━━━ Supplied material ━━━
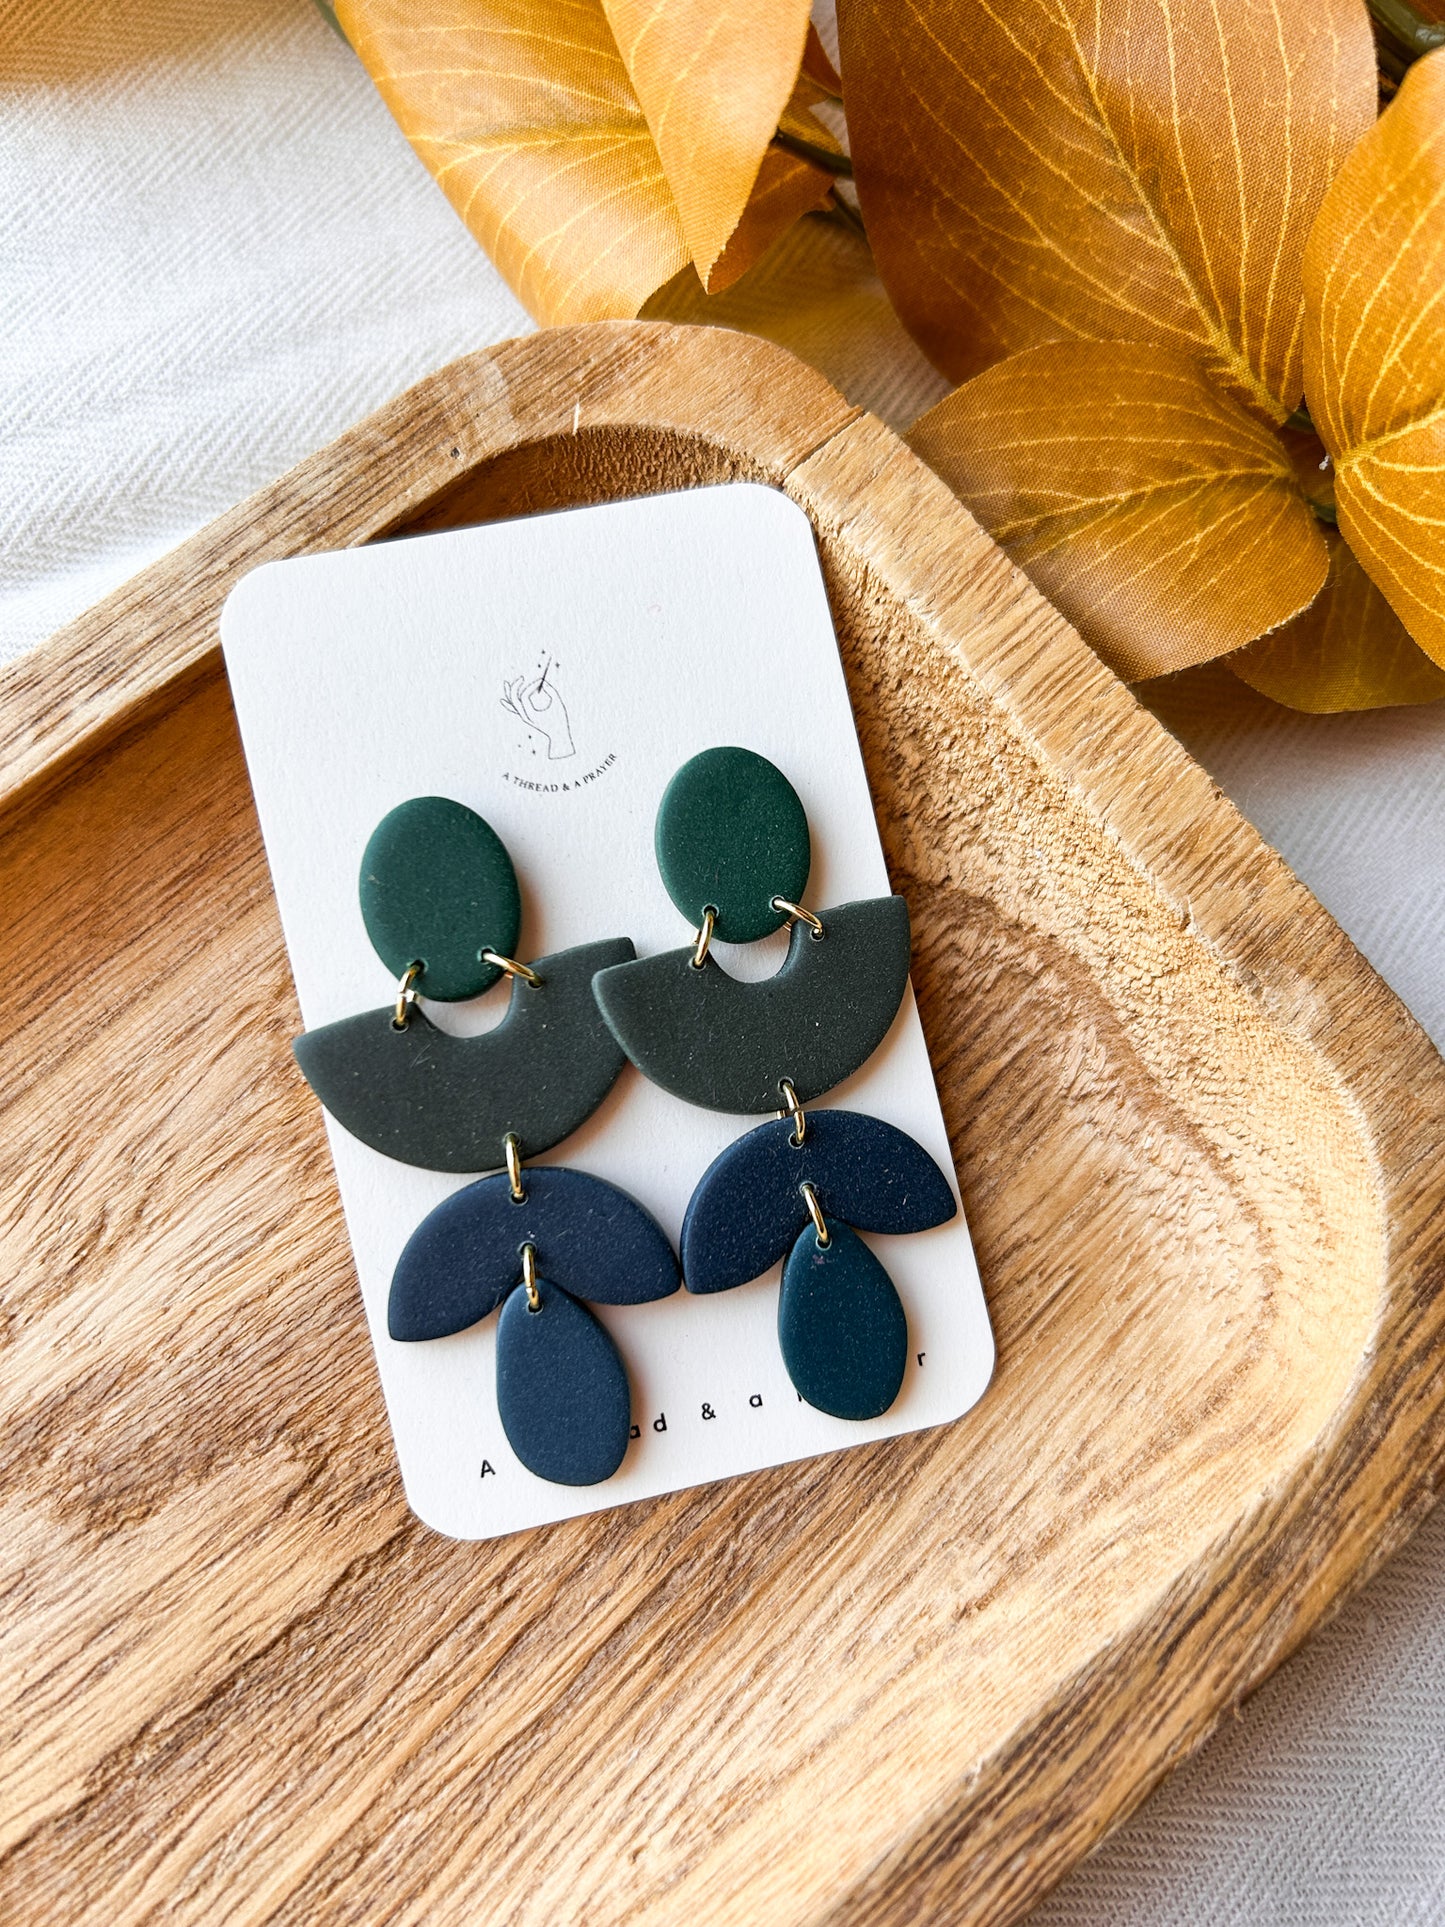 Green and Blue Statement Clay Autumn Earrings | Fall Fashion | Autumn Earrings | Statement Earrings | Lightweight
━━━
━━━ Supplied material ━━━
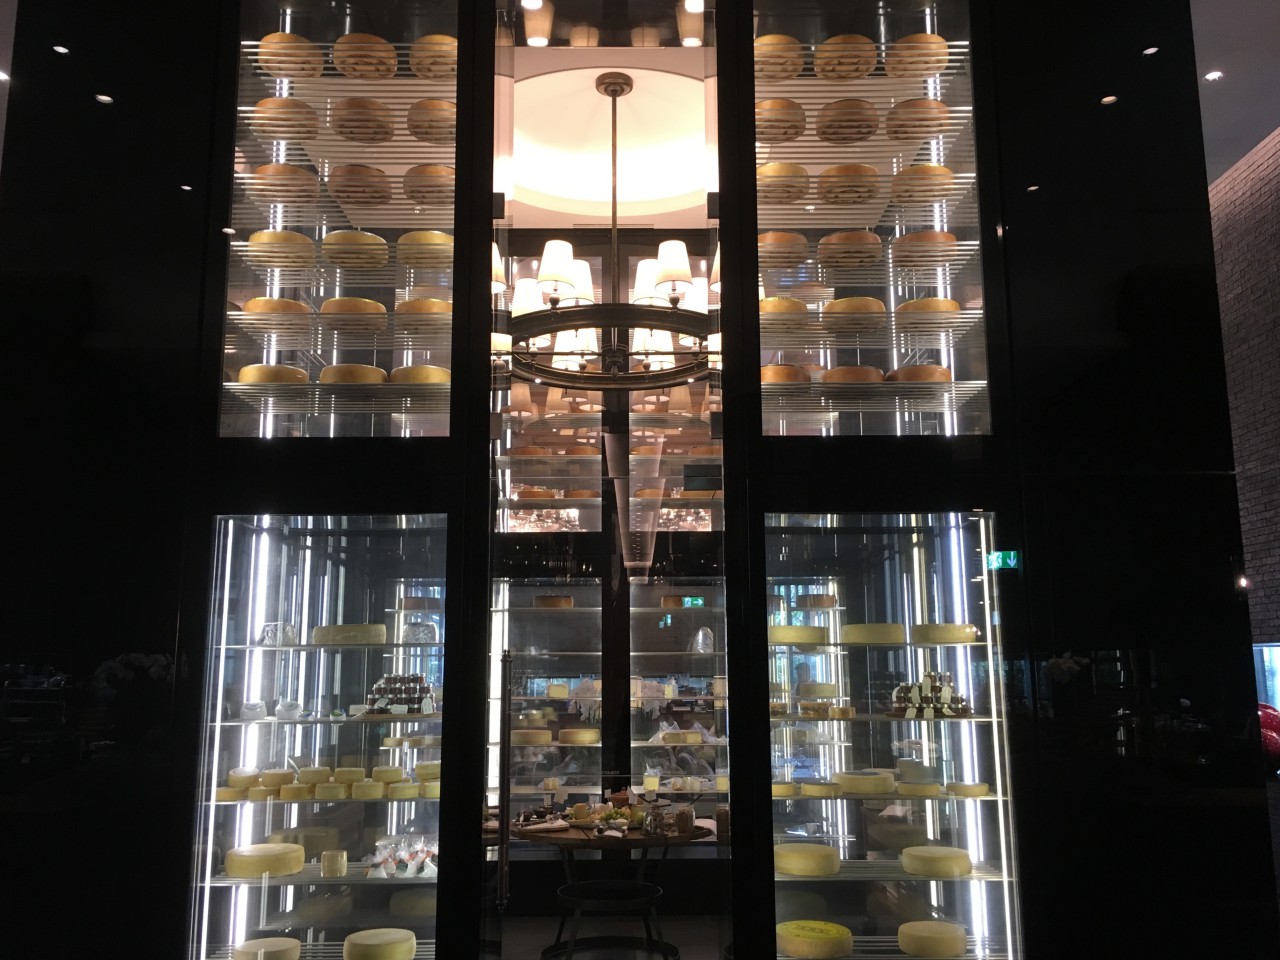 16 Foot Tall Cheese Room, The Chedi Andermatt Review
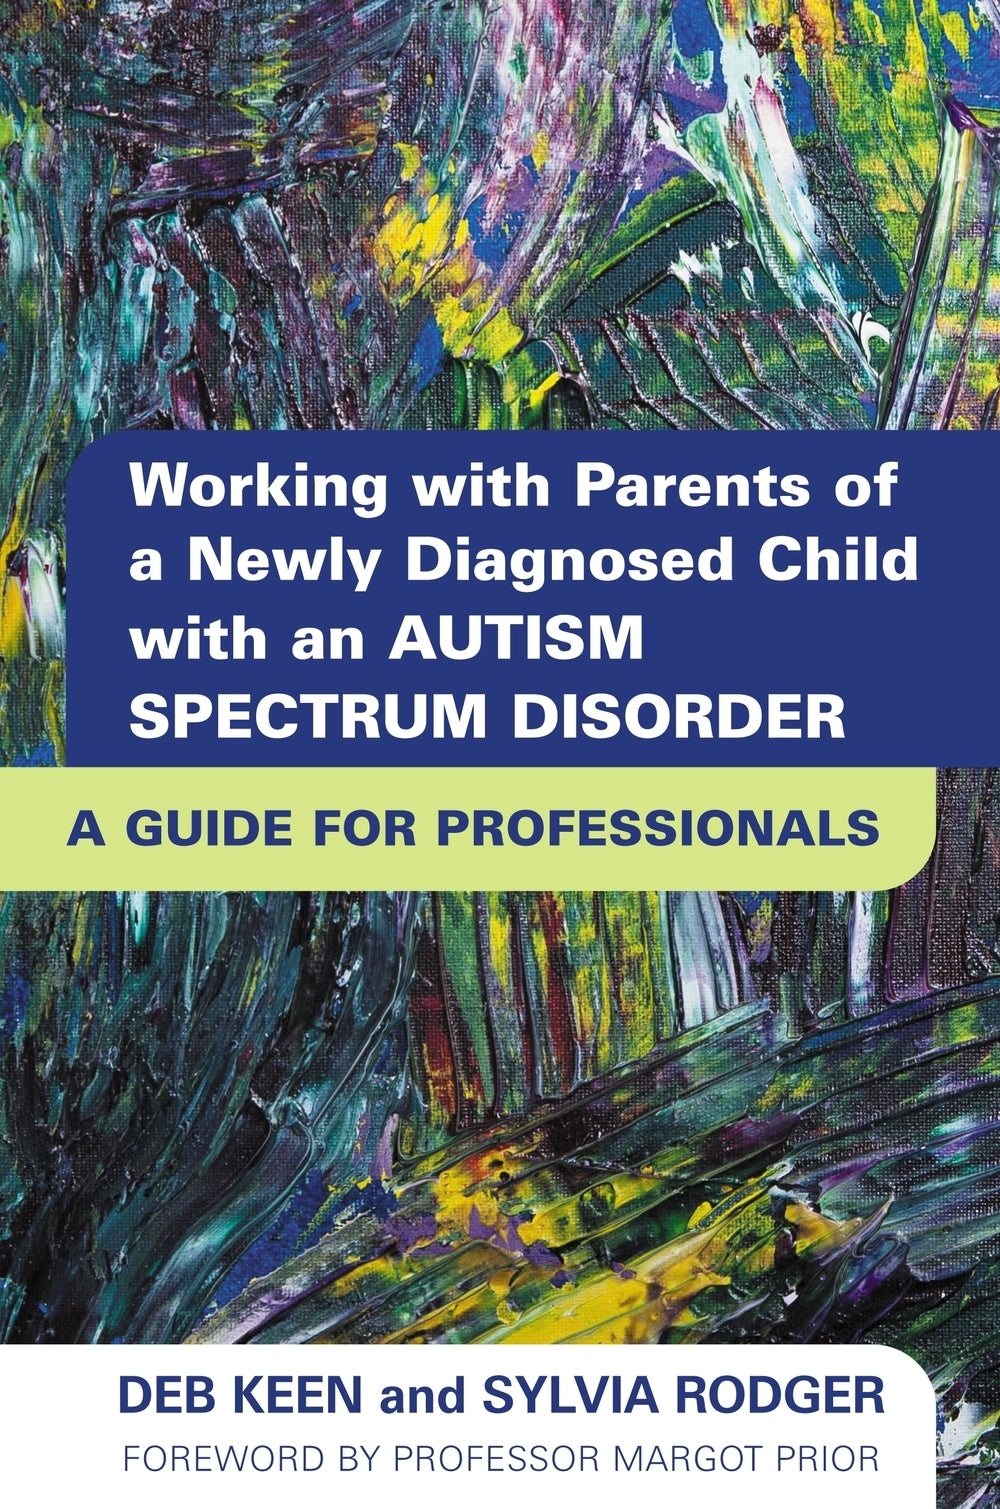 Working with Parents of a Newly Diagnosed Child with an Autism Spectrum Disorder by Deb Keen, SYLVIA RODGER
━━━
━━━ Supplied material ━━━
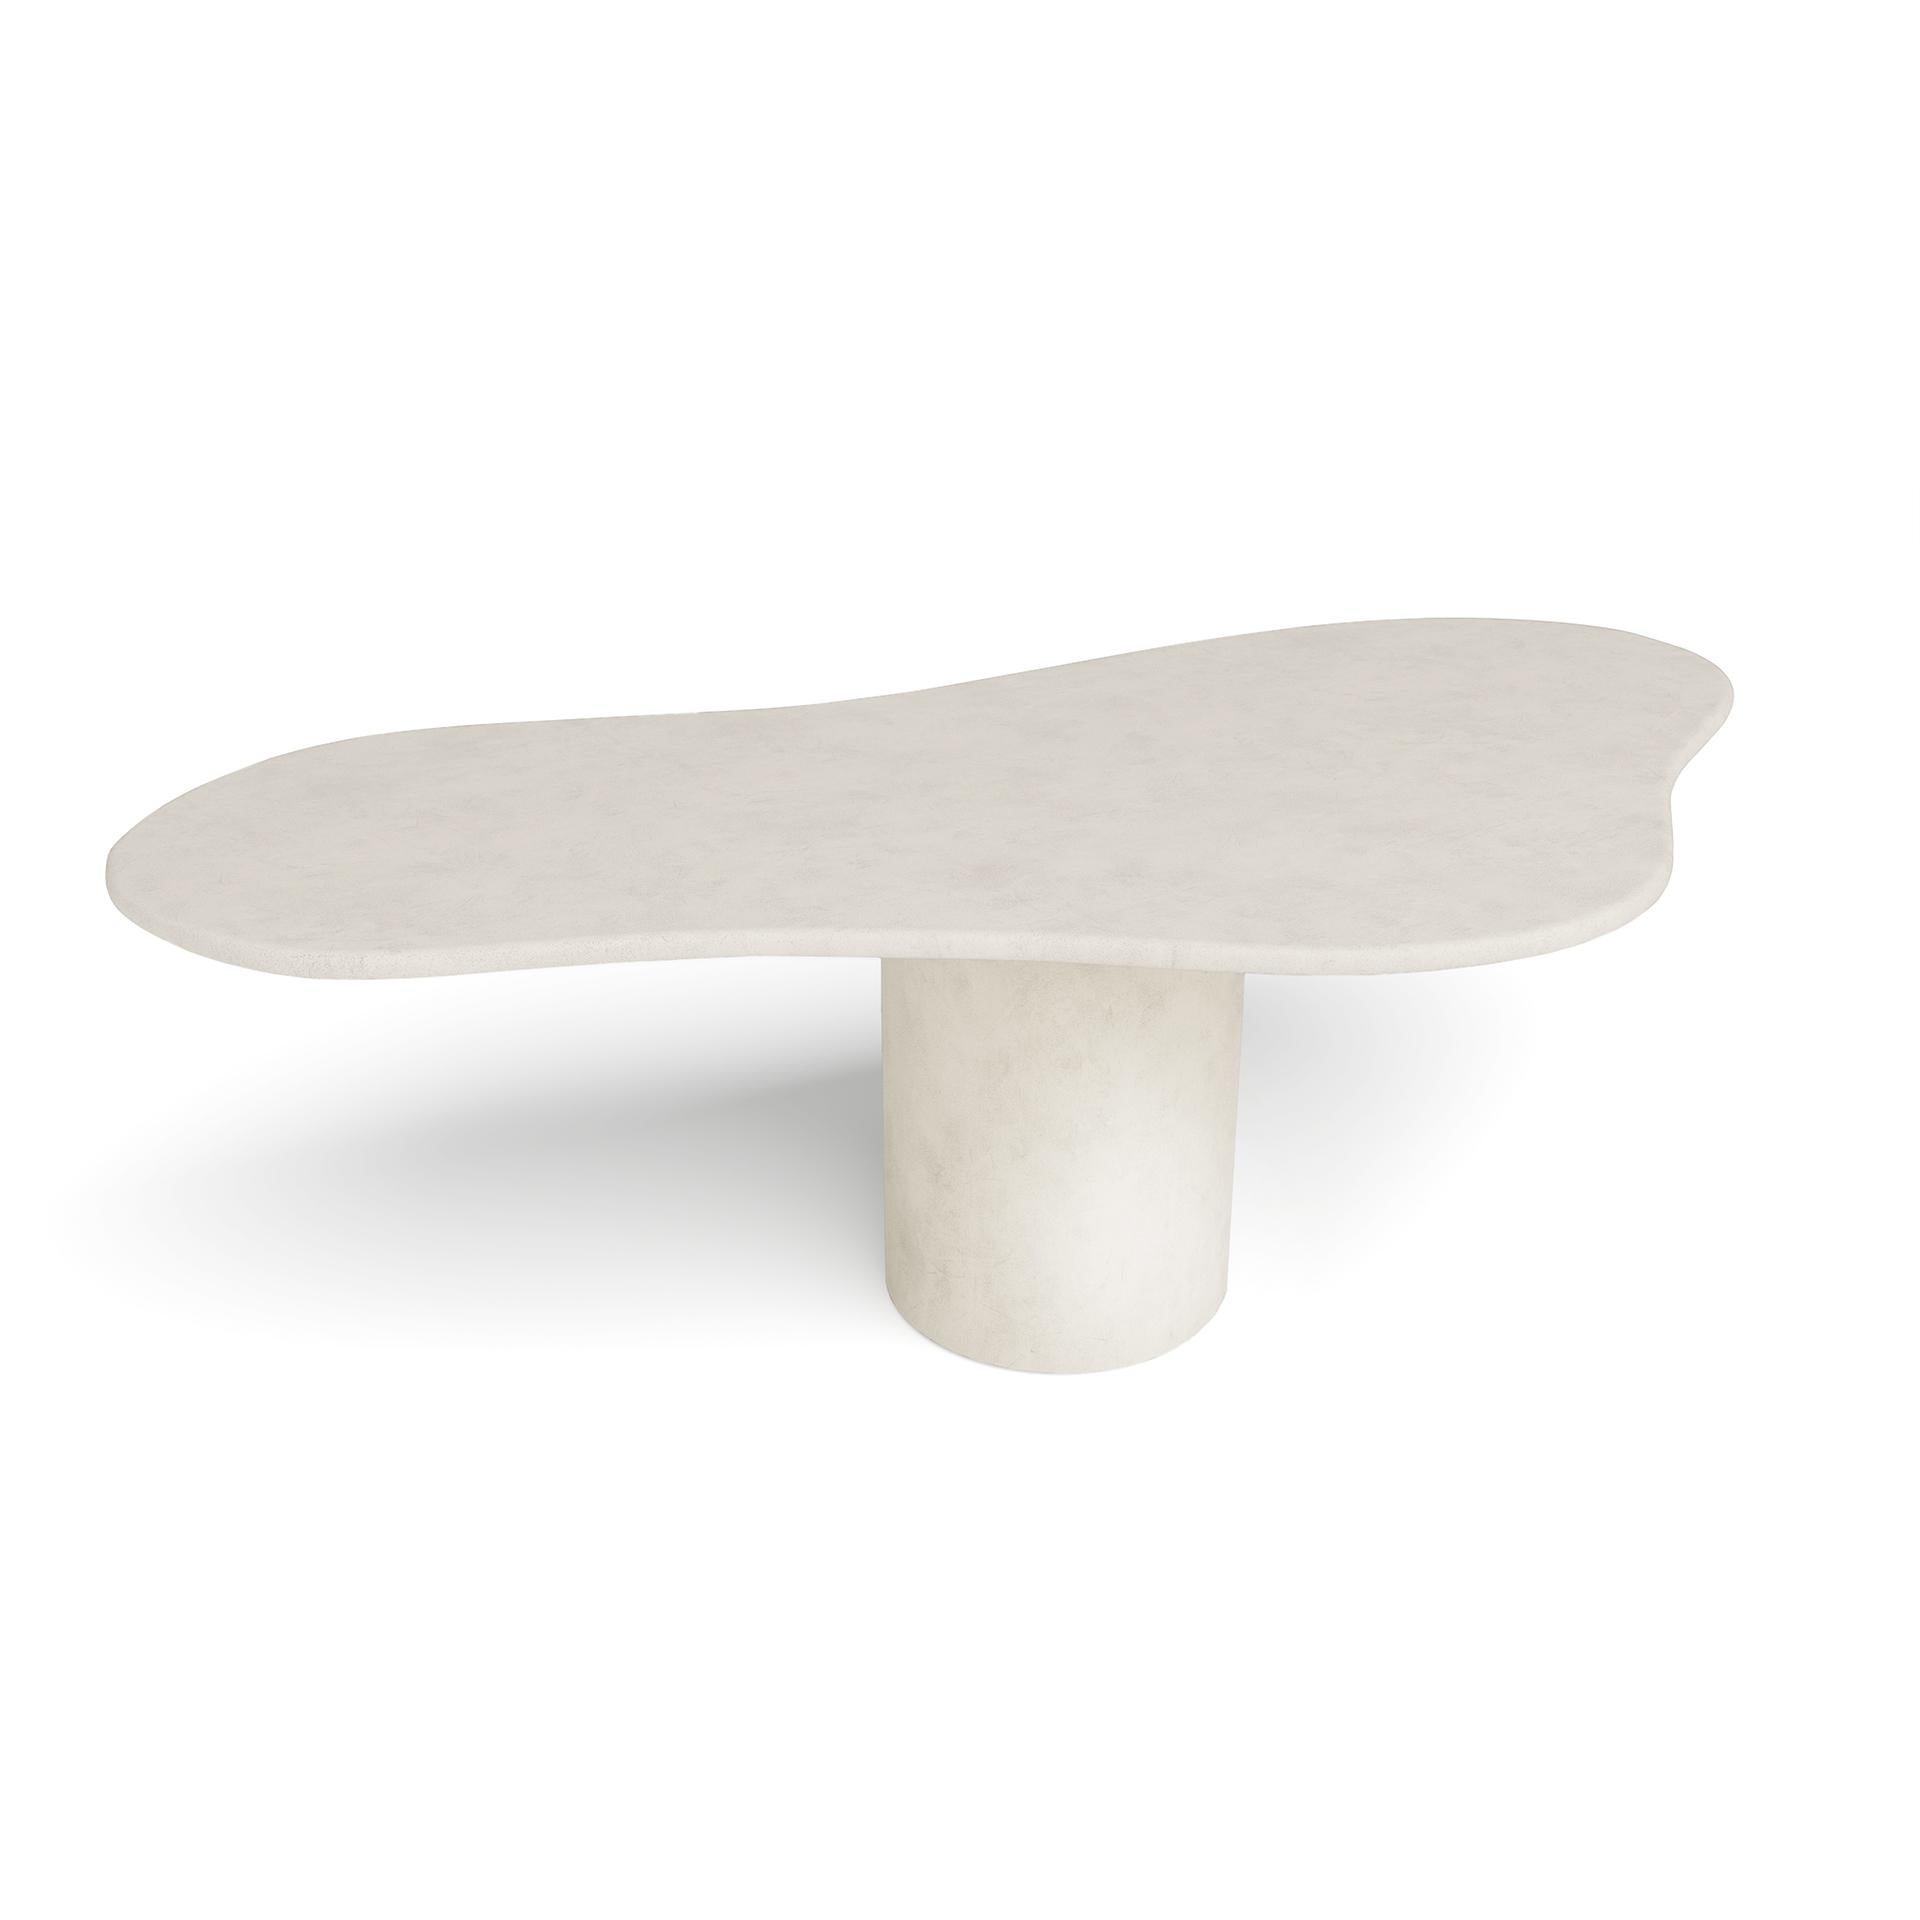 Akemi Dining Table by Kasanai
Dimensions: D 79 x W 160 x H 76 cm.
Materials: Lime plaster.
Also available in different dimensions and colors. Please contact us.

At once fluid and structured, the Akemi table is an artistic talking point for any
━━━
Task prompt: Starting at the line above that contains "Dimensions: D 79 x W 160 x H 76 cm.", write out each line exactly until the line that contains "At once fluid" has been written, and stop there.

Result of this exercise:
Dimensions: D 79 x W 160 x H 76 cm.
Materials: Lime plaster.
Also available in different dimensions and colors. Please contact us.

At once fluid and structured, the Akemi table is an artistic talking point for any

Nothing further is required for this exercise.